Additionally I found a comment that the nextcloudcron.service may collide with nextcloud-preview-generator.service when both are run in the same time using php.

So, what I’ve done I’ve added the condition to start nextcloudcron.service when nextcloud-preview-generator.service is not active.
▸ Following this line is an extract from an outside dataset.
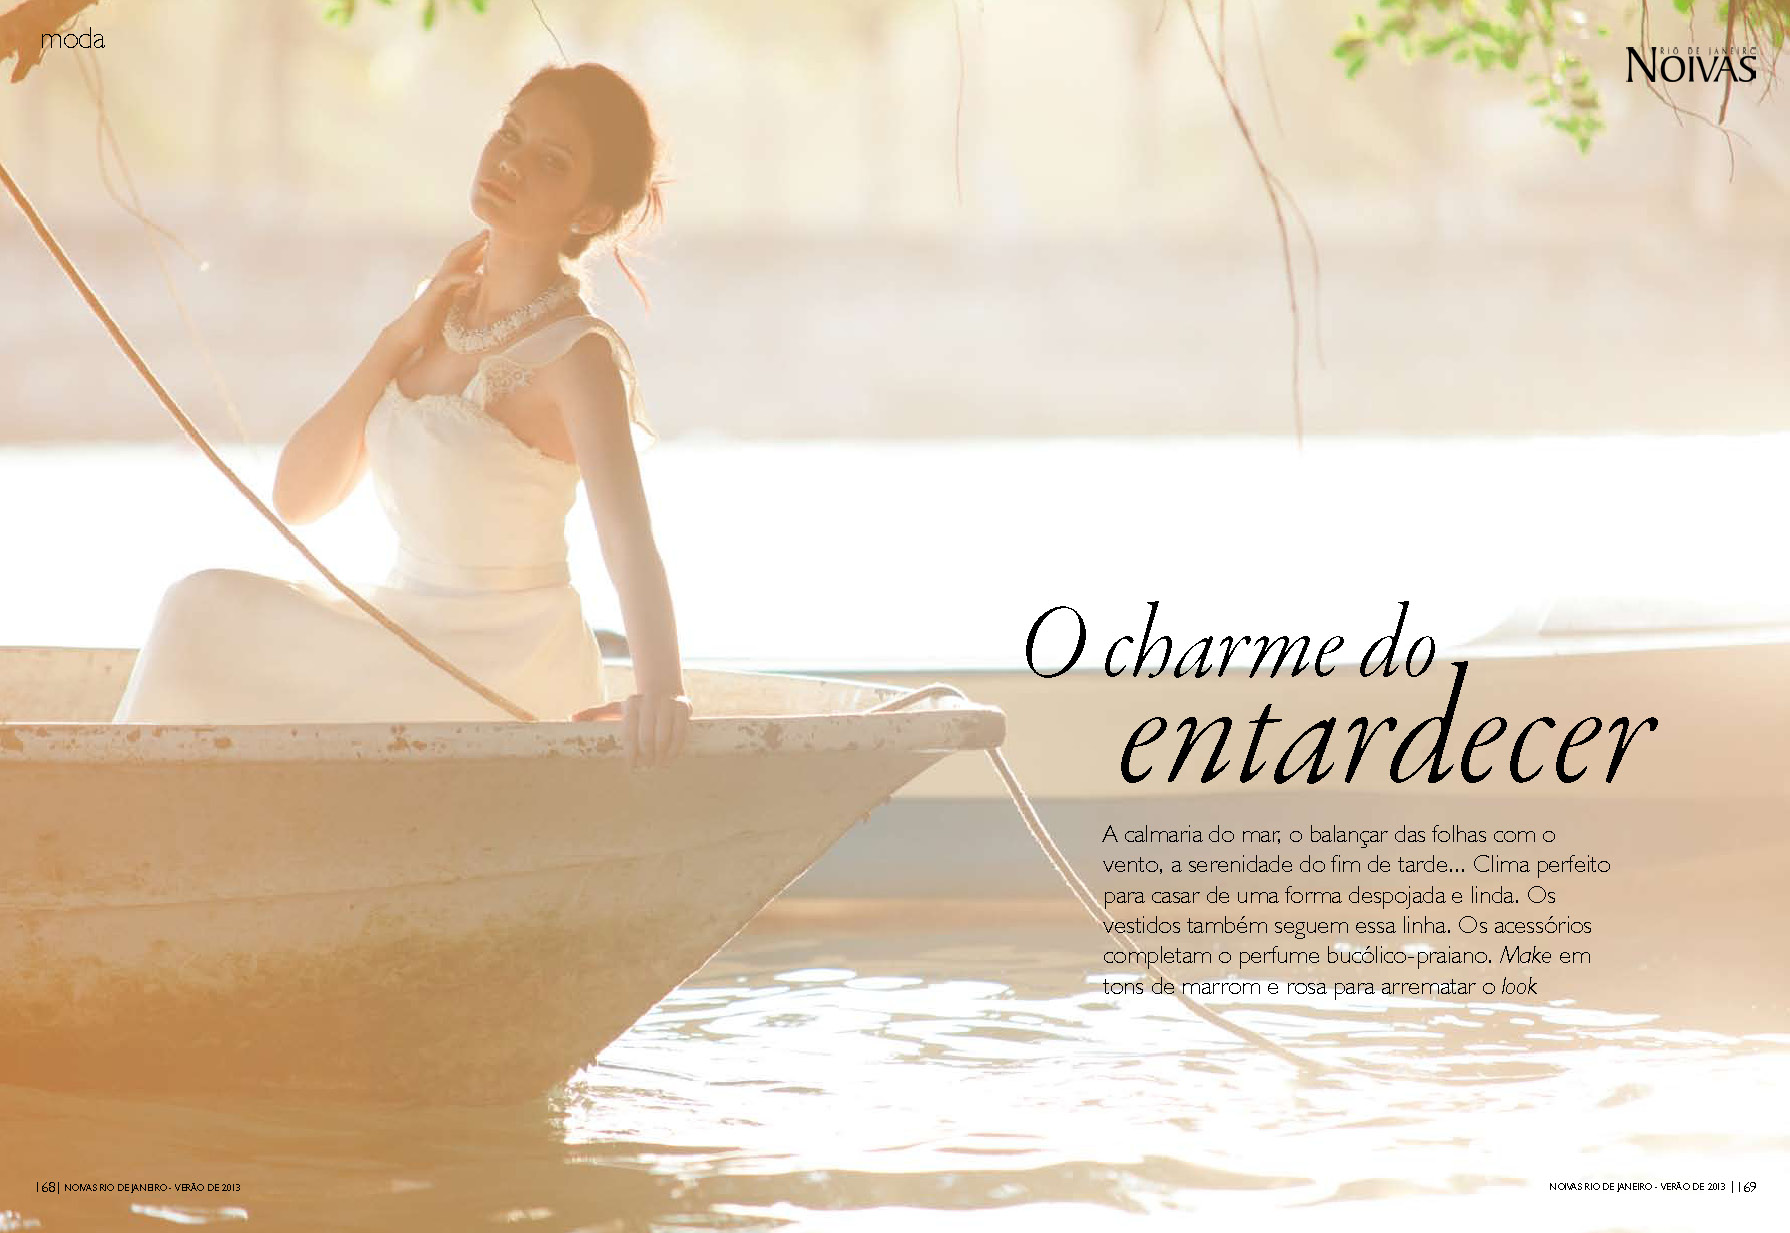 Saiu na mídia: editorial para revista Noivas RJ – Carla Barraqui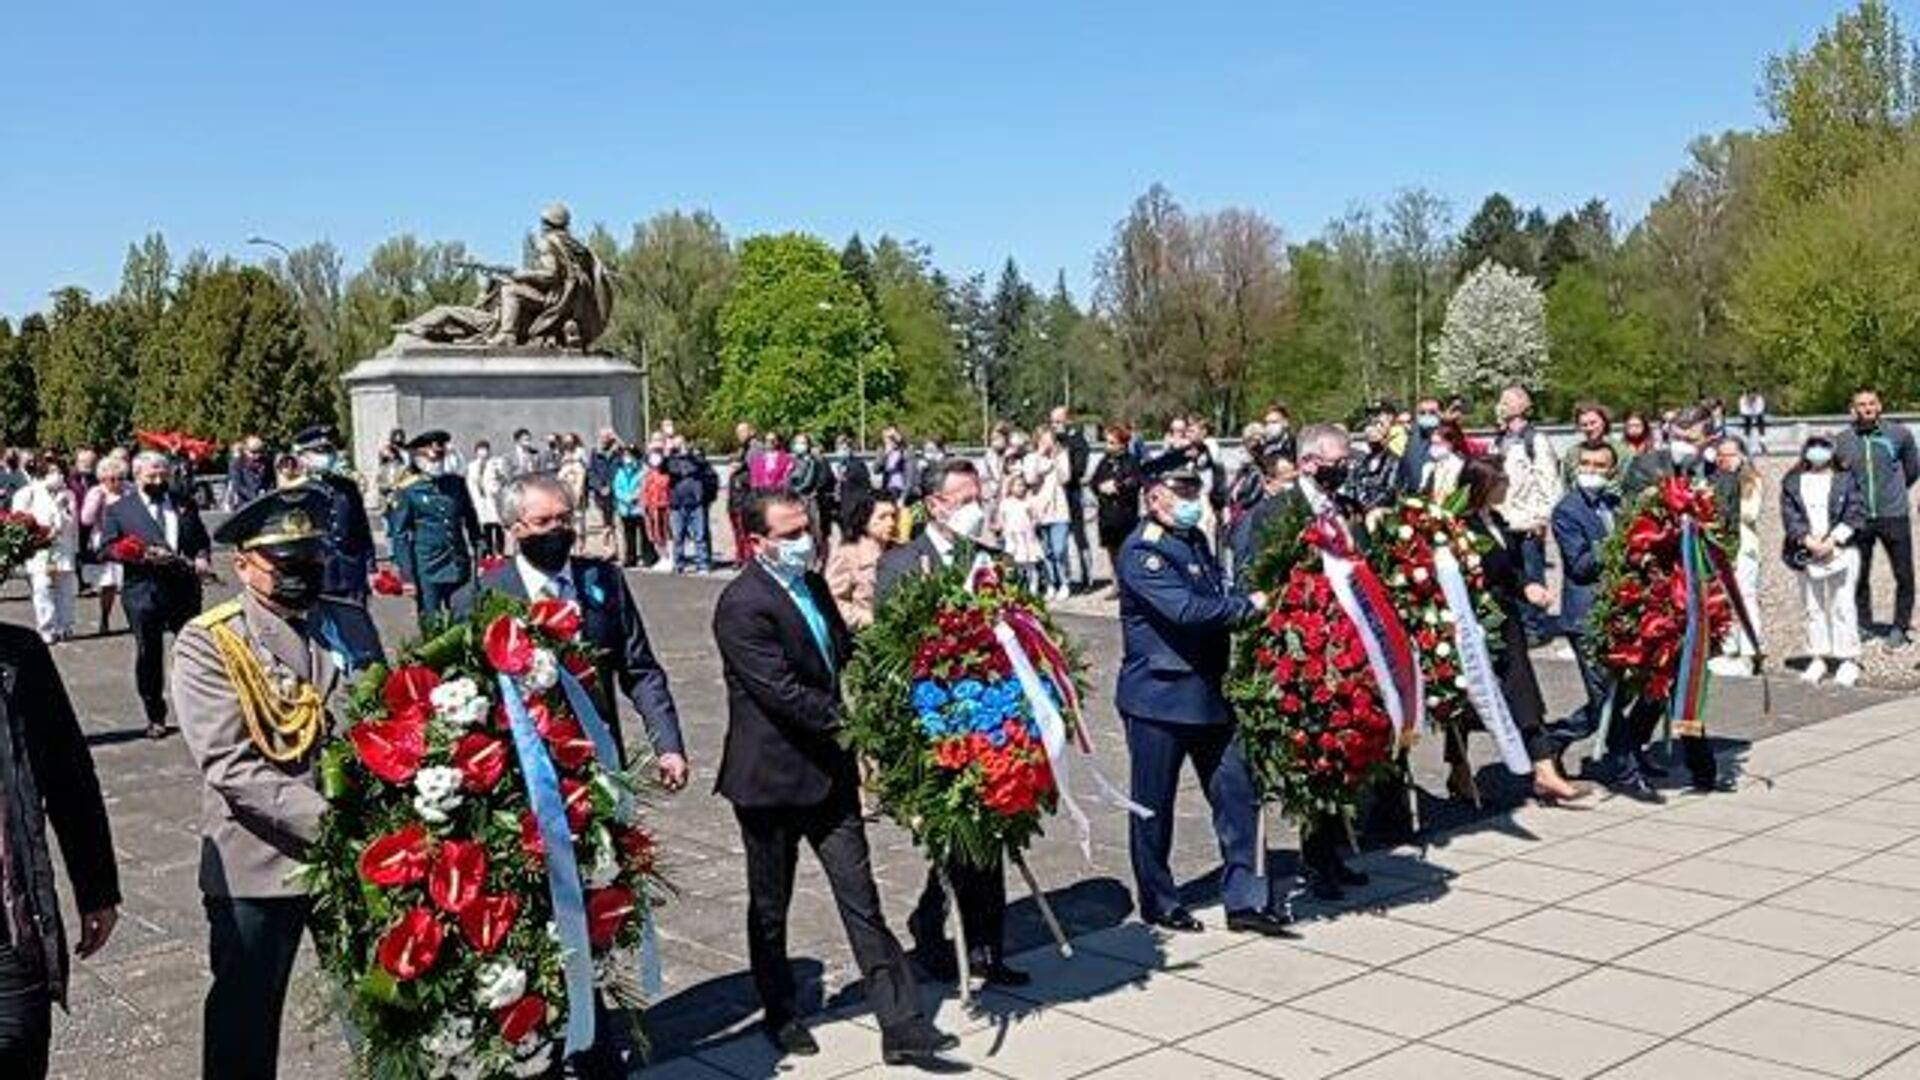 Возложение цветов к мемориалу в Варшаве  - РИА Новости, 1920, 09.05.2021

ExecStartPre=/bin/bash -c '! /usr/bin/systemctl is-active --quiet nextcloud-preview-generator.service'

Finally, my version of the nextcloudcron.service:

[Unit]
Description=Nextcloud cron.php job

[Service]
Type=simple
User=www-data
Nice=19
IOSchedulingClass=2
IOSchedulingPriority=7
ExecStartPre=/bin/bash -c '/usr/bin/systemctl is-active --quiet apache2.service'
ExecStartPre=/bin/bash -c '! /usr/bin/systemctl is-active --quiet nextcloud-preview-generator.service'
ExecStartPre=/bin/bash -c '! /usr/bin/systemctl is-active --quiet borgmatic.service'
ExecCondition=/usr/bin/php -f /var/www/nextcloud/occ status -e
ExecStart=/usr/bin/php -f /var/www/nextcloud/cron.php
TimeoutStopSec=350
KillMode=mixed

and nextcloudcron.timer:

[Unit]
Description=Run Nextcloud cron.php every 5 minutes

[Timer]
OnBootSec=5min
OnUnitActiveSec=5min
Unit=nextcloudcron.service

[Install]
WantedBy=timers.target

I tried to add ExecStopSec=/usr/bin/systemctl stop nextcloudcron.service to self-stop the service if 350 seconds passed, but it claims that the service should be stopped on behalf of root. If I prepend the command with sudo it says that www-data is obviously not in sudoers. Of course, I may create separate service to kill the nextcloudcron.service if it is stuck more than 5 mins.